Grade Route Gear style Crag Quality Date
5.12b 奇异 Singularity Sport 26m, 9 阳朔 Yangshuo Classic Mon 10th Oct 2022
Really enjoyed this climb. worked the route 2 times on day one to get the beta, then came back a few days later and got it on my 2nd red point attempt. The crux was about half way up the route and felt like a v5? boulder. the gaston with the small edge wouldn't work with my fat fingers so I eventually found I could use a shitty pinch to get through, once I worked that out I was home free. (To me it still felt potentially hard for the grade with some very polished feet...)

 
7b Quarks (Quartz) Sport 13m, 3 Railay Very Good Mon 3rd Feb 2020
Worked the moves for two days and then this morning it just kinda clicked on the upper part of the crux so then just lowered and got it first attempt from the bottom.

 
5.12b Route Makers, Heart Breakers Sport 22m, 13 临安狮头岩 Lion's Head Sun 30th Oct 2022
Worked it once and then took two red point attempts to get it. Super chill until it heads into a big move up to the right followed by a few moves on tiny super sharp crimps.

 
5.12b 泓渊 Deep pool — 3 attempts Sport 16m, 7 新昌石狗洞 Shigoudong Very Good Sat 18th Feb 2023
Sharp two finger pocket was a killer in the crux. I found a high left heel hook onto the jug where your left hand sat made it relatively easy to move up.

 
5.12b Hongkong Team (Hongkong Team 香港队) Sport 31m, 16 南宁 Nanning Very Good Sat 5th Feb 2022
Rested overnight and came back and knocked it over.
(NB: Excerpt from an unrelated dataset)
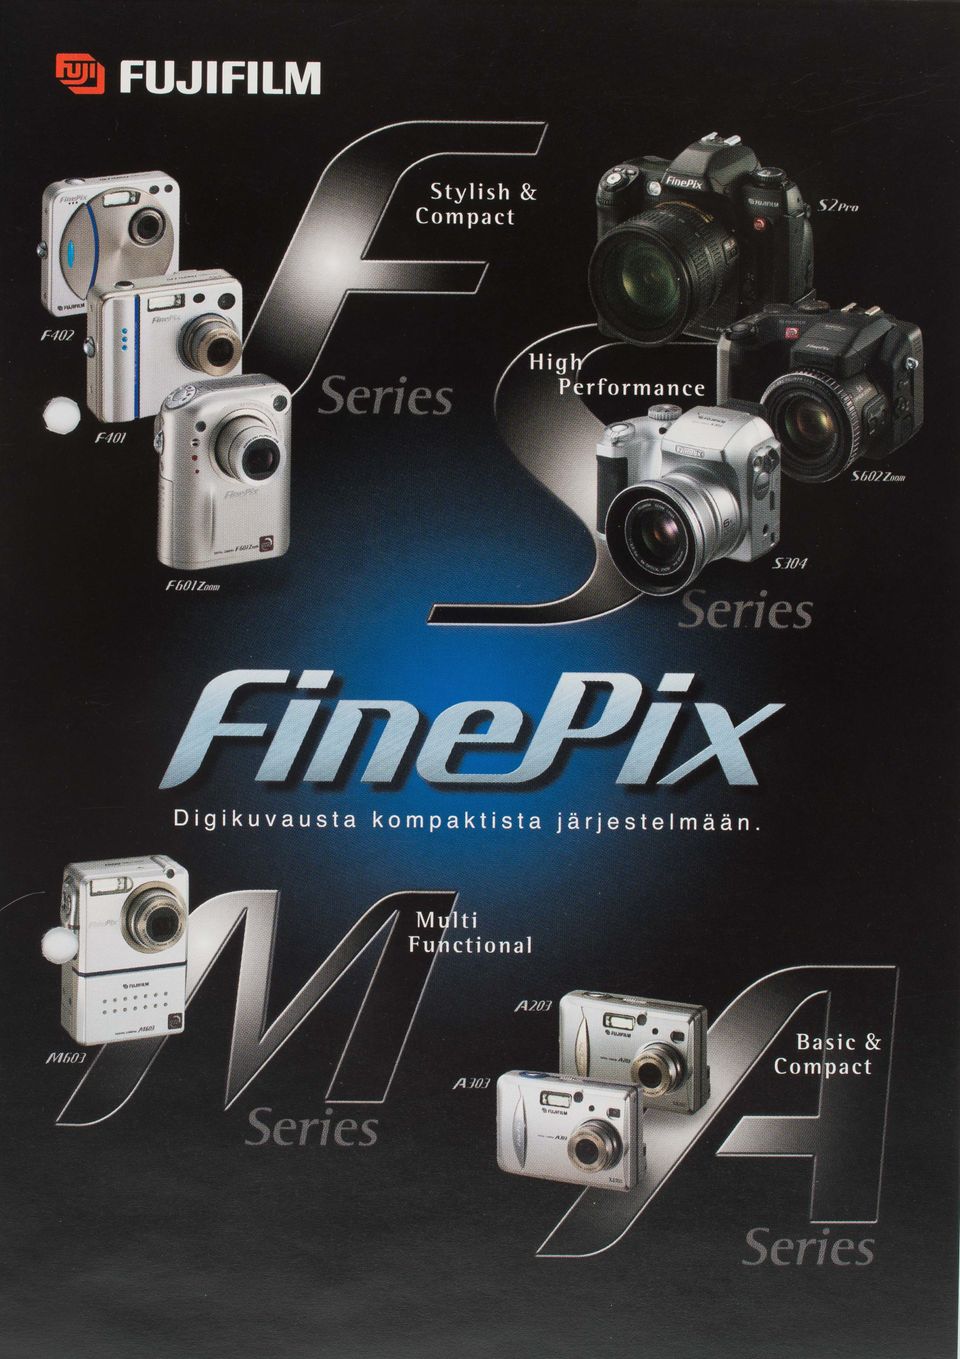 Fuji film FinePix
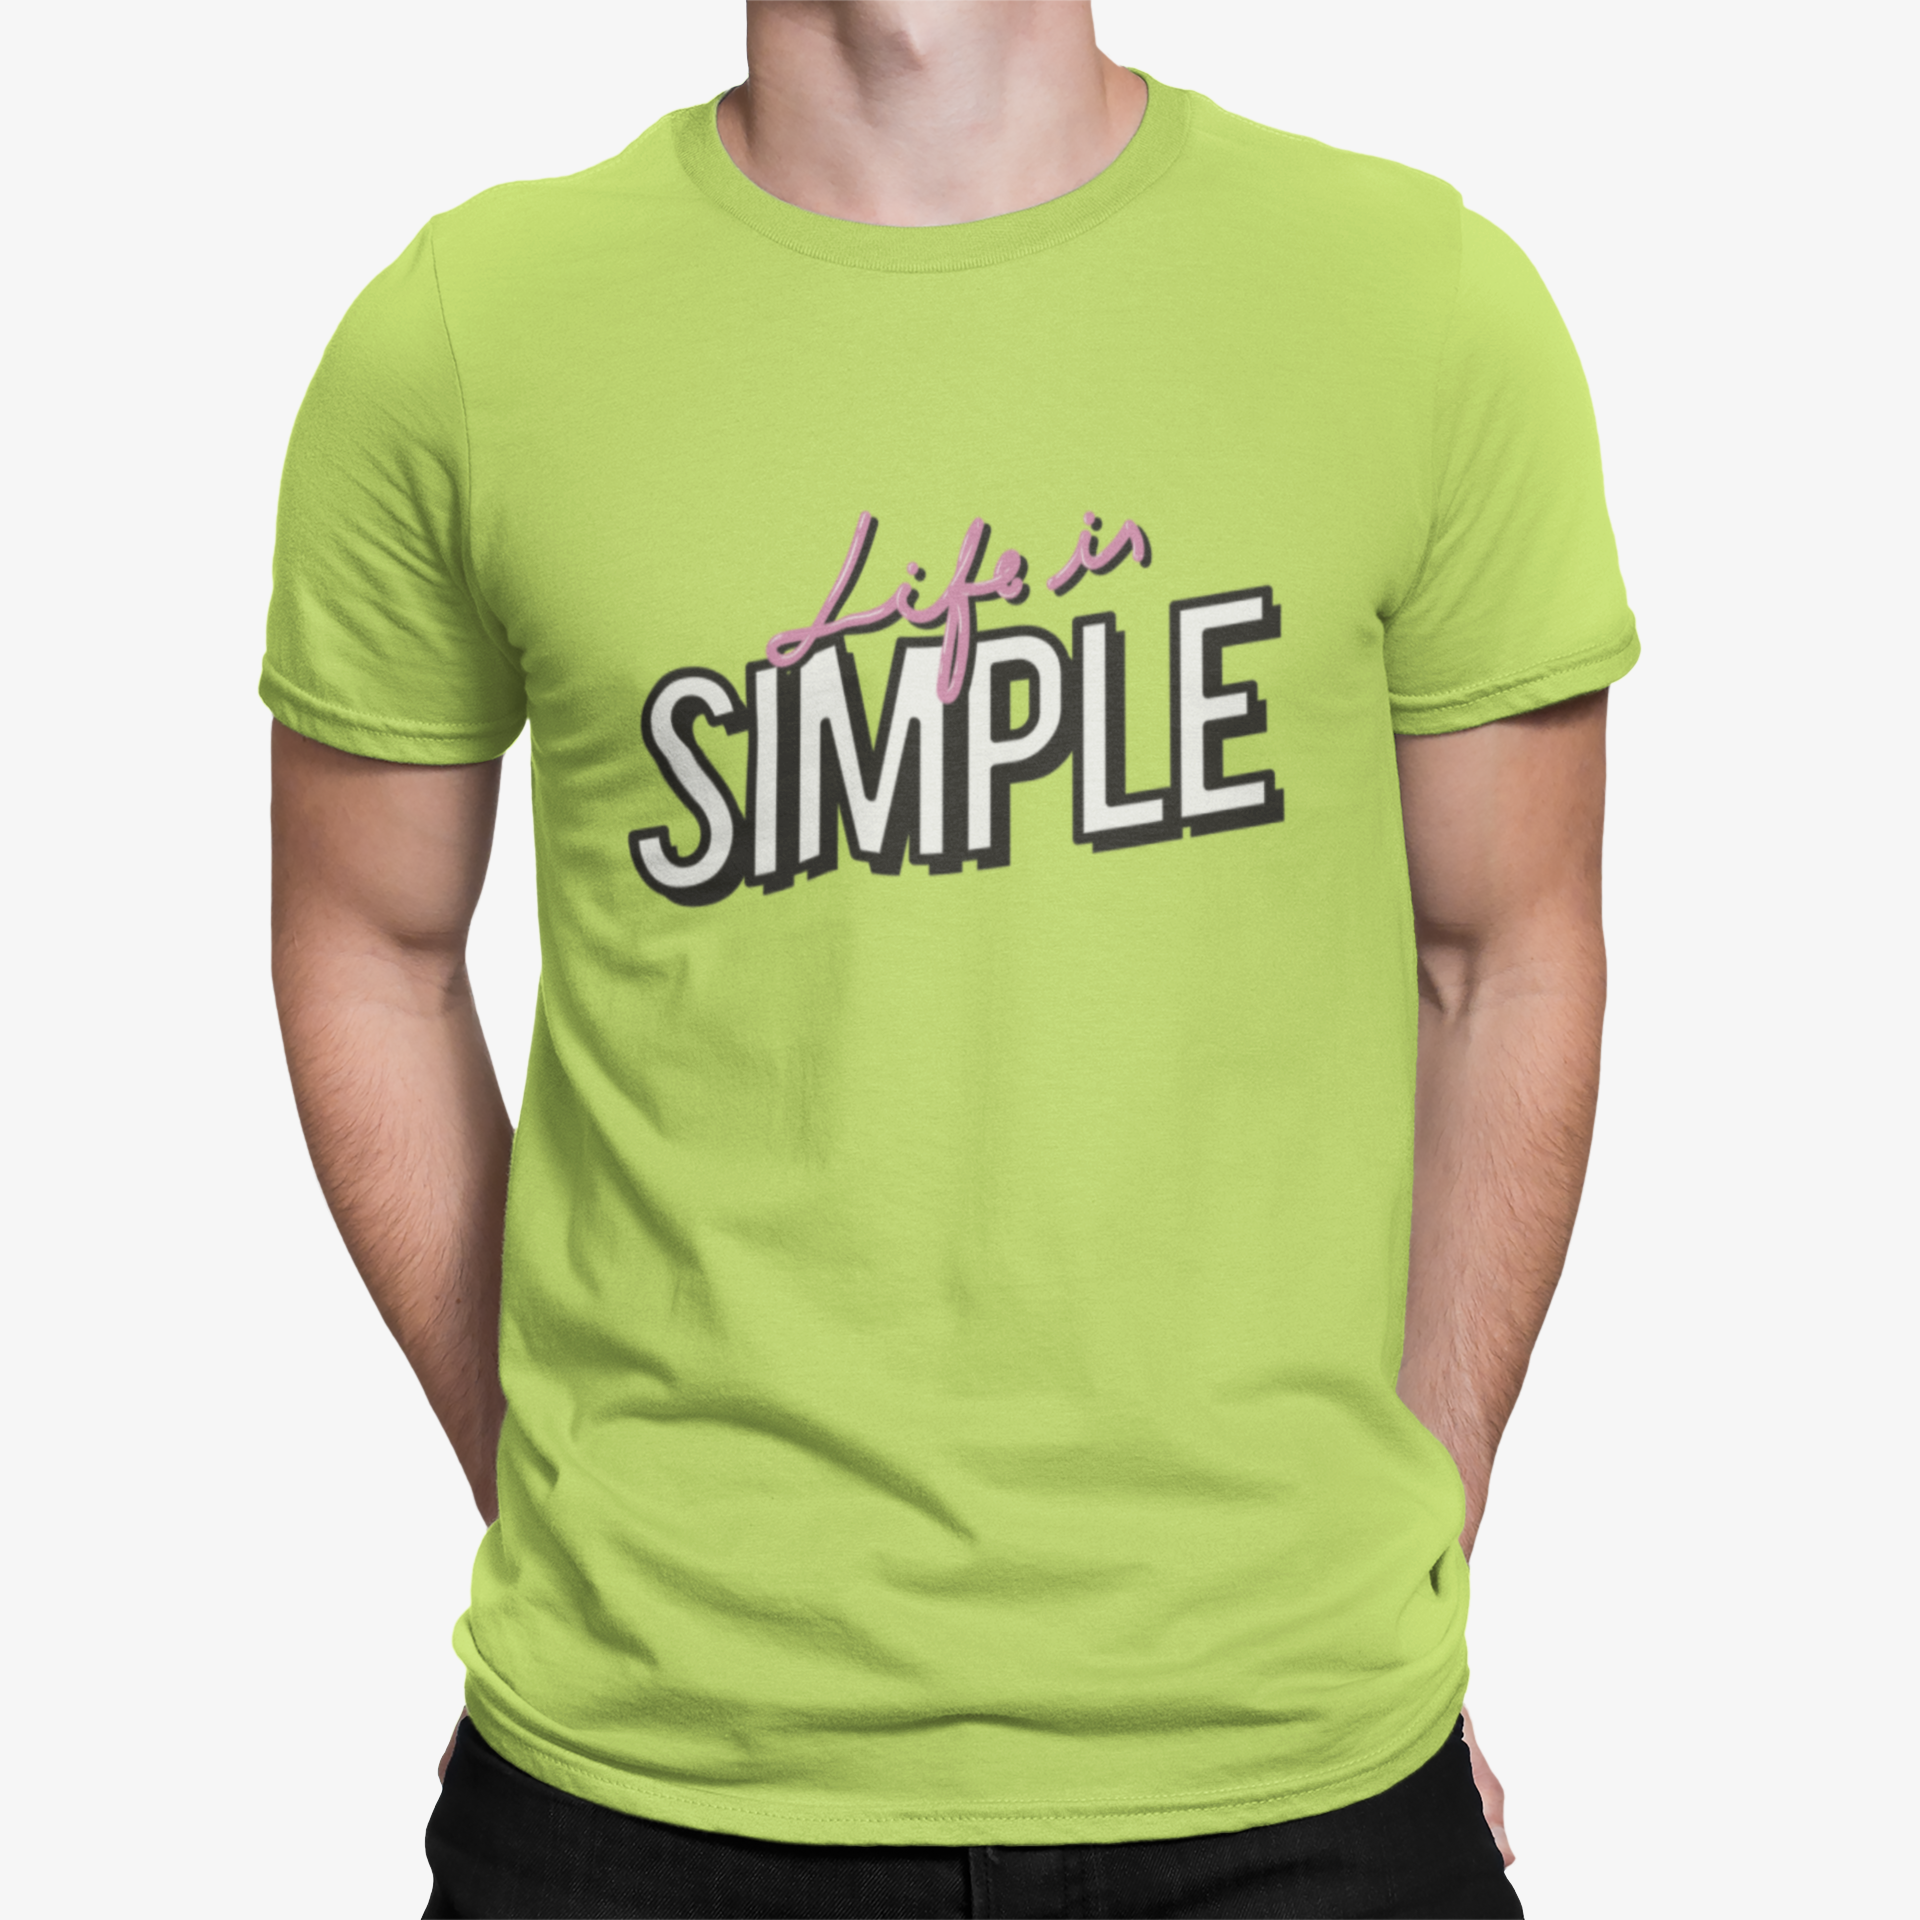 Camiseta Life is Simple

Really happy with this climb the difficulty is all in the 3rd 4th and 5th draw after that it eases off and just more of an endurance slog. high high high up the wall.

 
7b License To Climb — 3 attempts Sport 25m, 13 Vịnh Lan Hạ Mega Classic Mon 8th May 2023
Was disappointed to not send this route but our group just got cooked off the wall. First up I missed the top rope flash by about 1 meter during the warm up and it was looking like it would go down very fast but then the sun came over the the top of the cliff and there was no shade to hide in. We suspect that it must have been close to 40C at the base of the cliff and the wall got so hot that I could not rest my body against the wall on the two red point attempts and yet it was still one of the most beautiful 5 star climbs I have ever tried and is calling my name to come back...the view alone was worth 5 stars but the climb was possibly even better, and what made it great was that the climb really built slowly meaning that the less experienced climbers in our group could still get in 10-15m of amazing climbing.

 

Showing all 6 ascents.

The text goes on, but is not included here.